— What is needed —
In the data below, reproduce everything exactly except the images.

— Available data —
'''
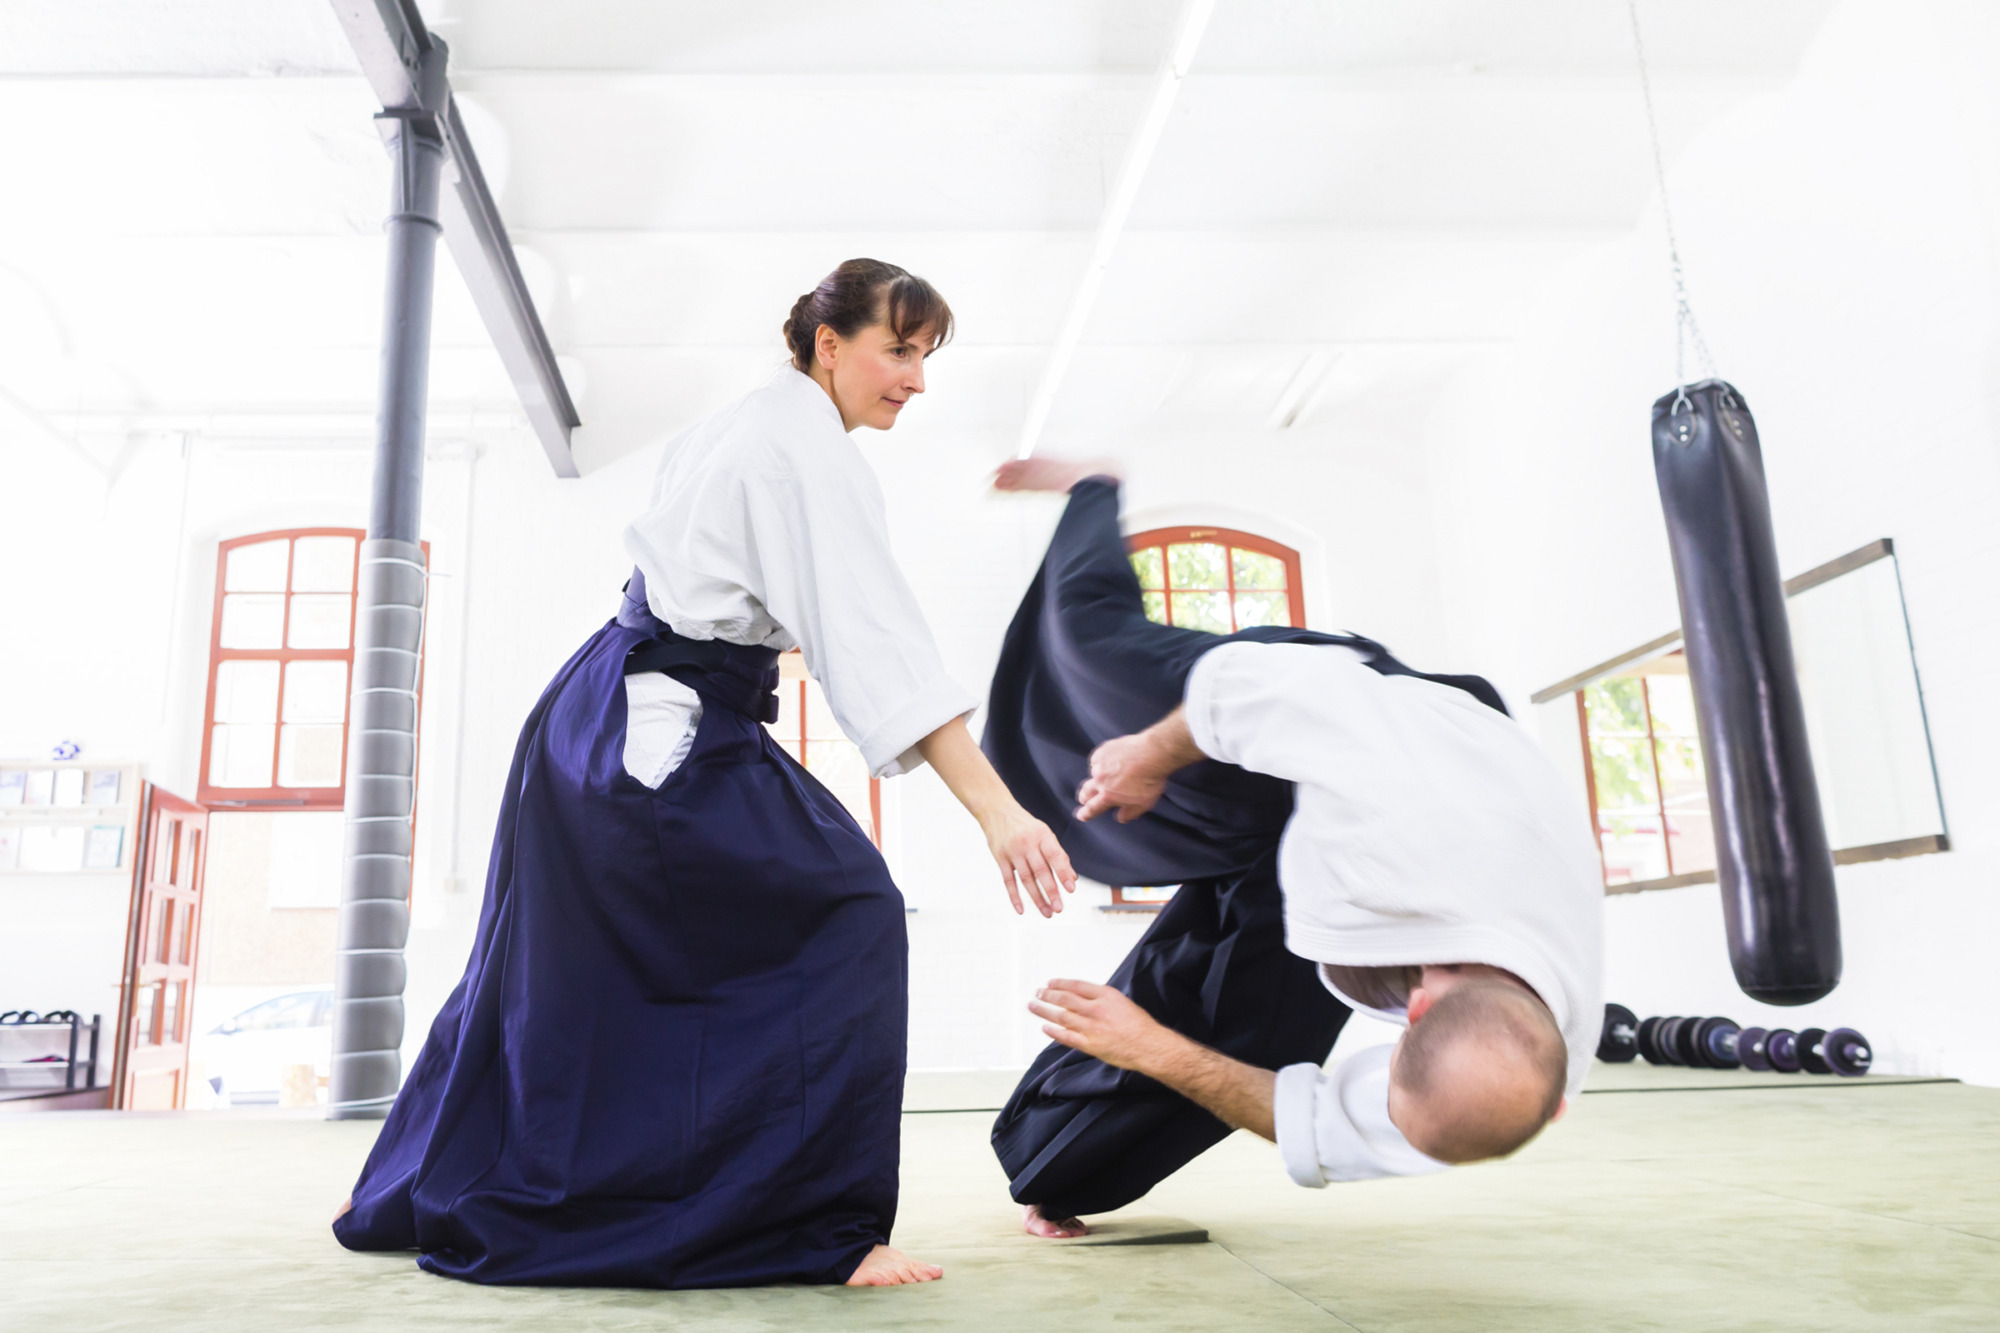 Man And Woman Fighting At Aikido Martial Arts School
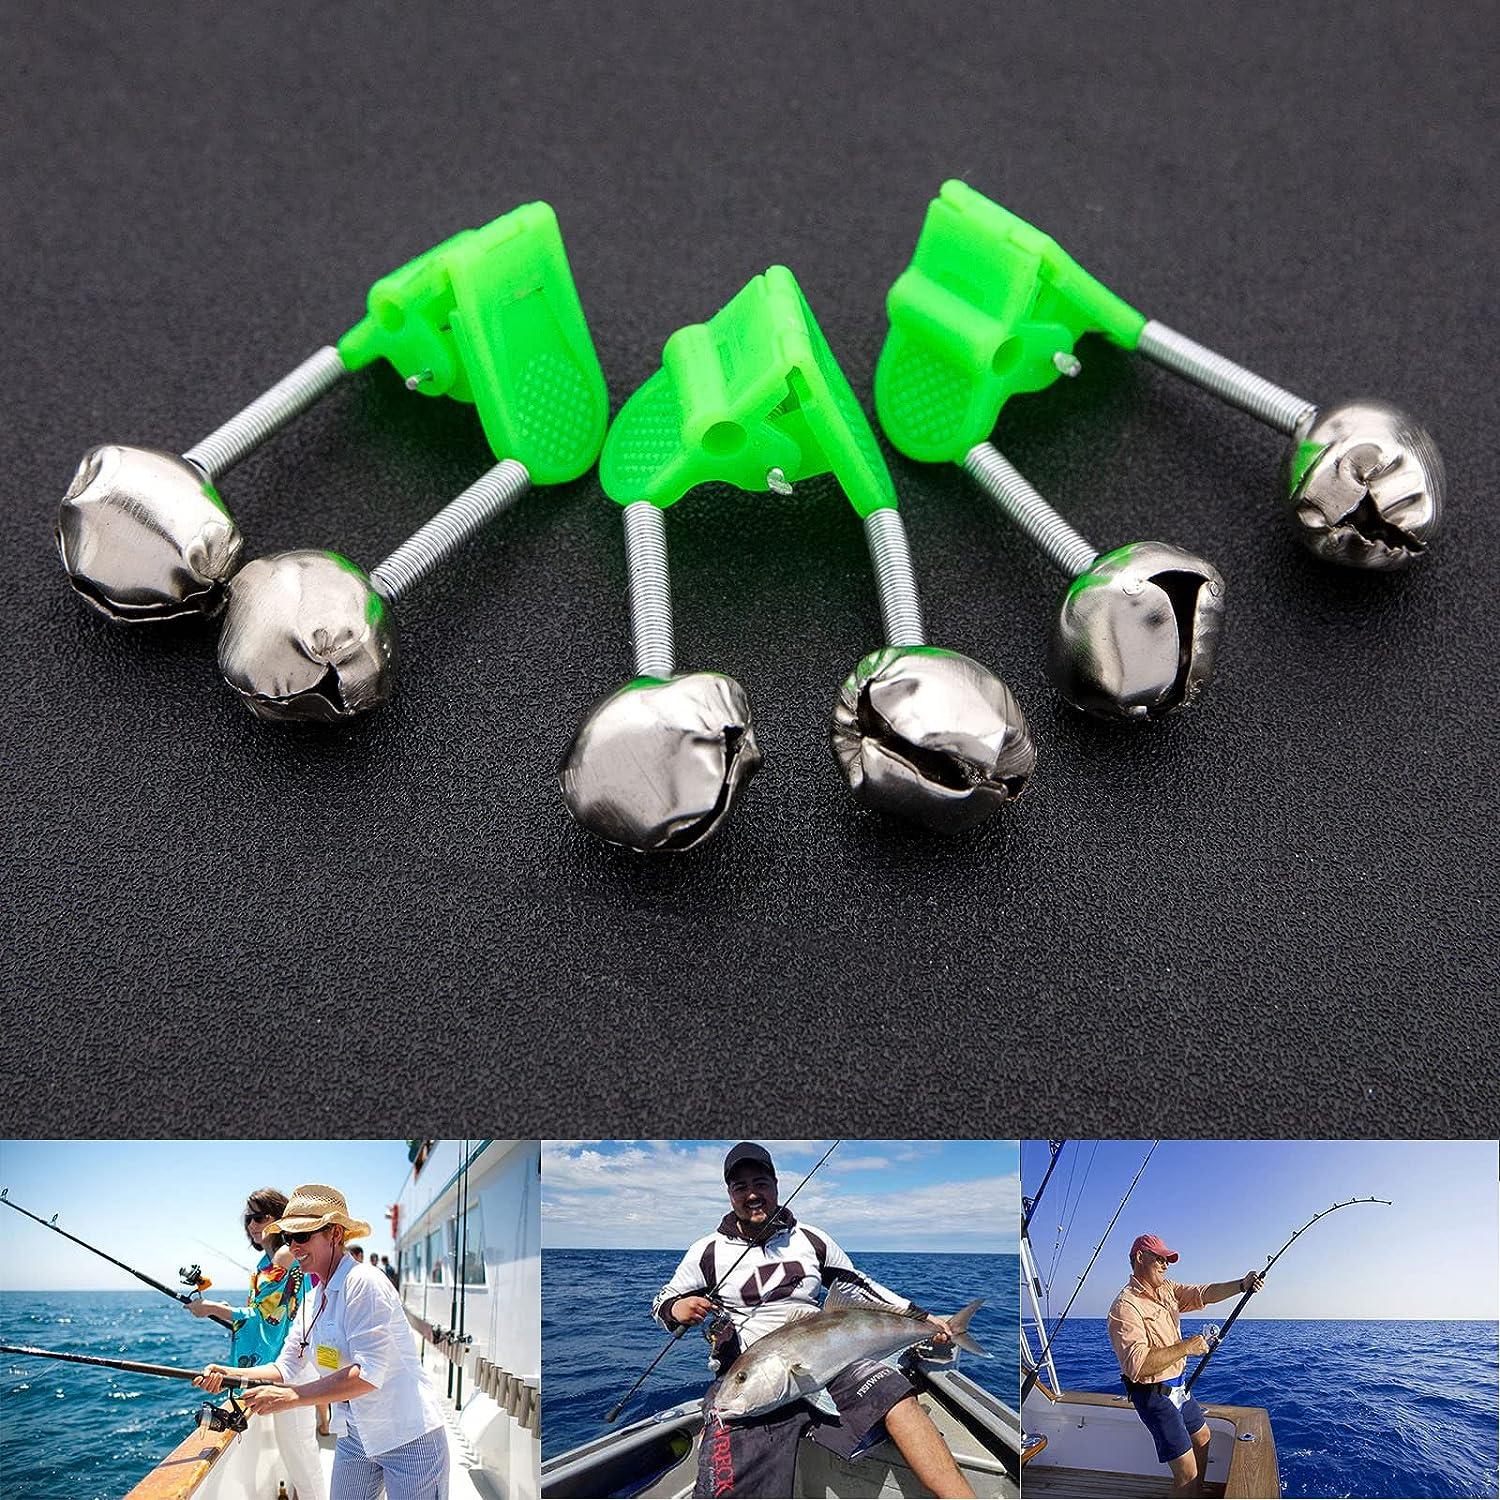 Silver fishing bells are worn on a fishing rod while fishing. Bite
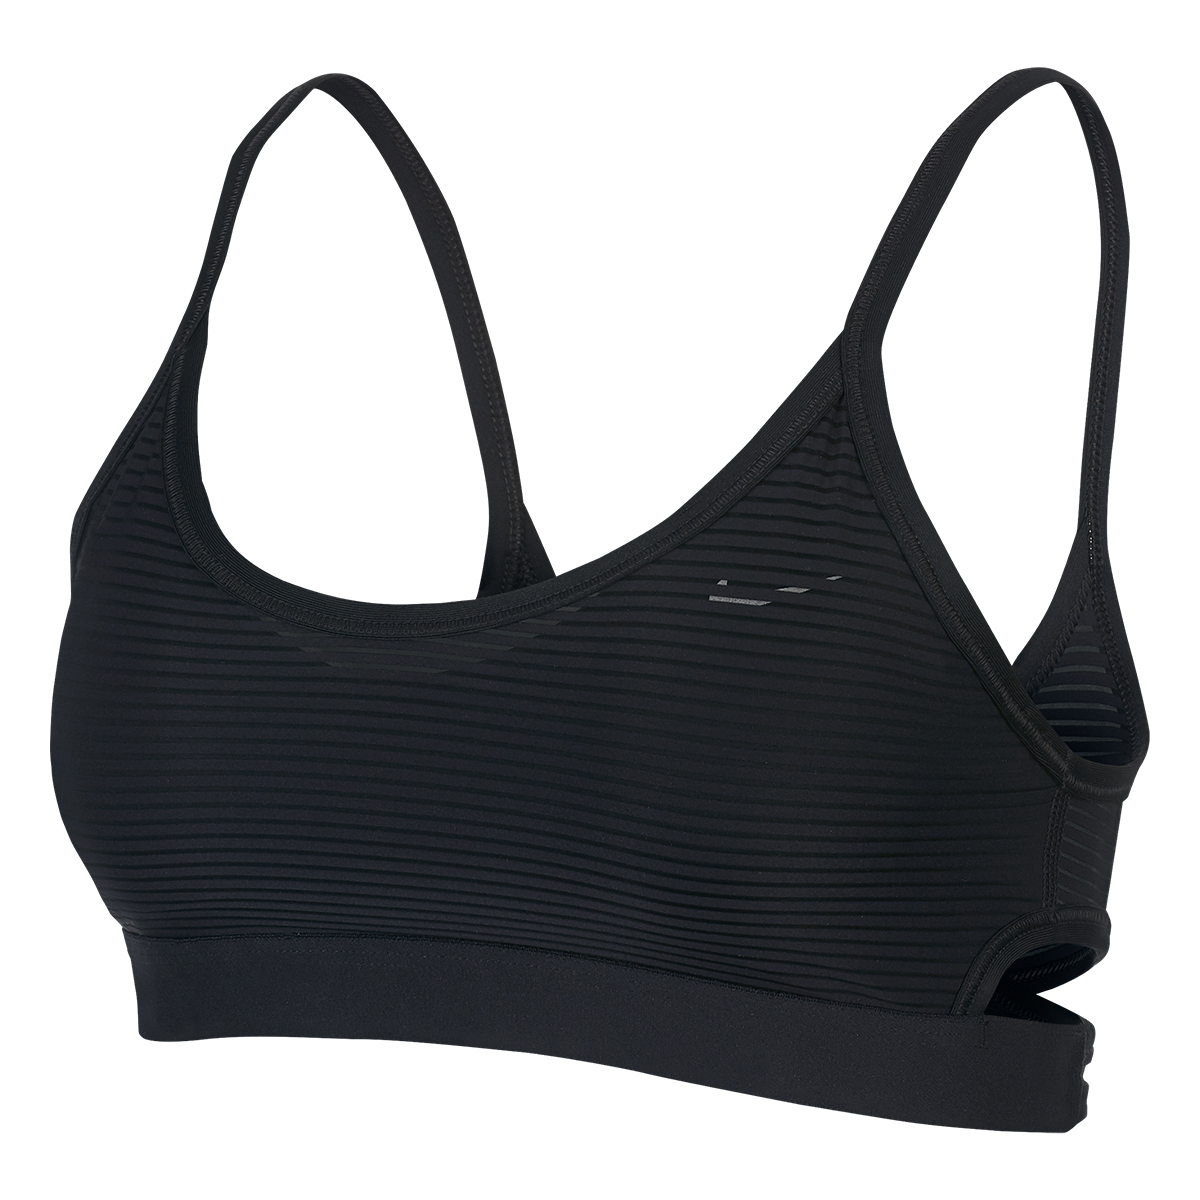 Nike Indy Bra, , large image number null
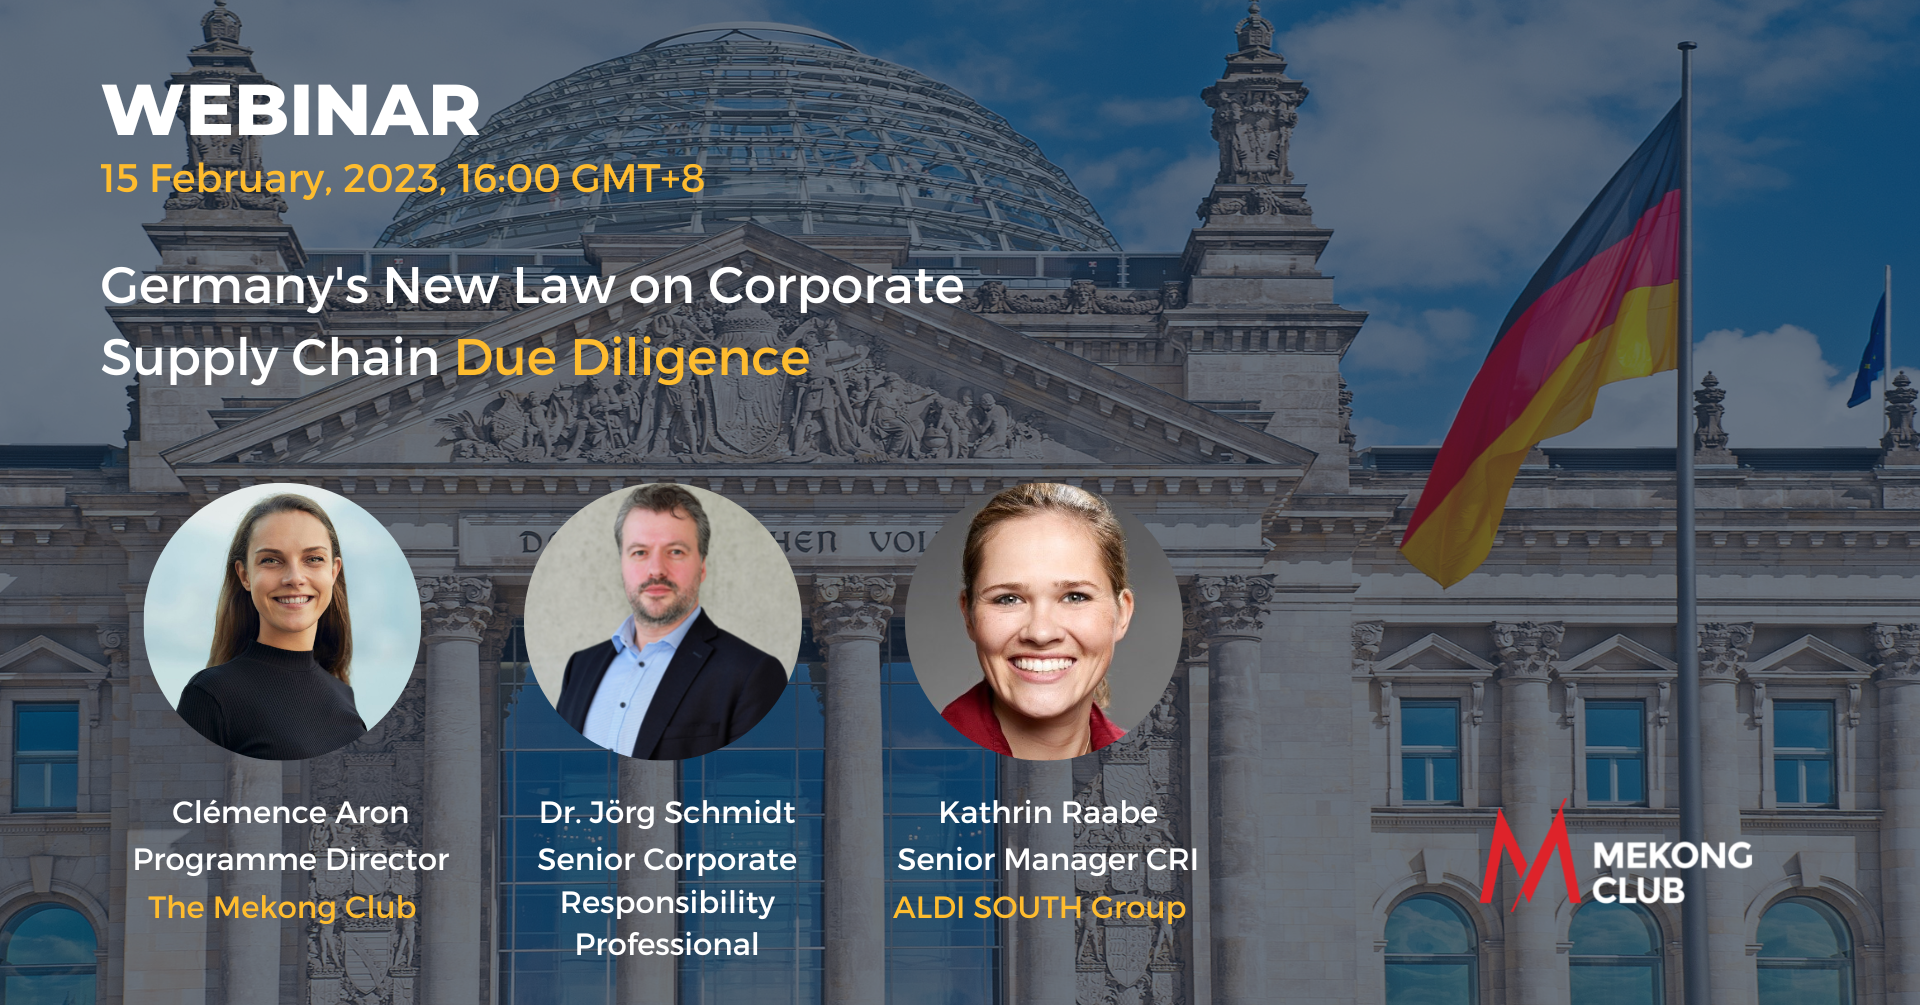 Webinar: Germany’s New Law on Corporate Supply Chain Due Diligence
'''
— Exercise response —
 Man And Woman Fighting At Aikido Martial Arts School
 Silver fishing bells are worn on a fishing rod while fishing. Bite
 Nike Indy Bra, , large image number null
 Webinar: Germany’s New Law on Corporate Supply Chain Due Diligence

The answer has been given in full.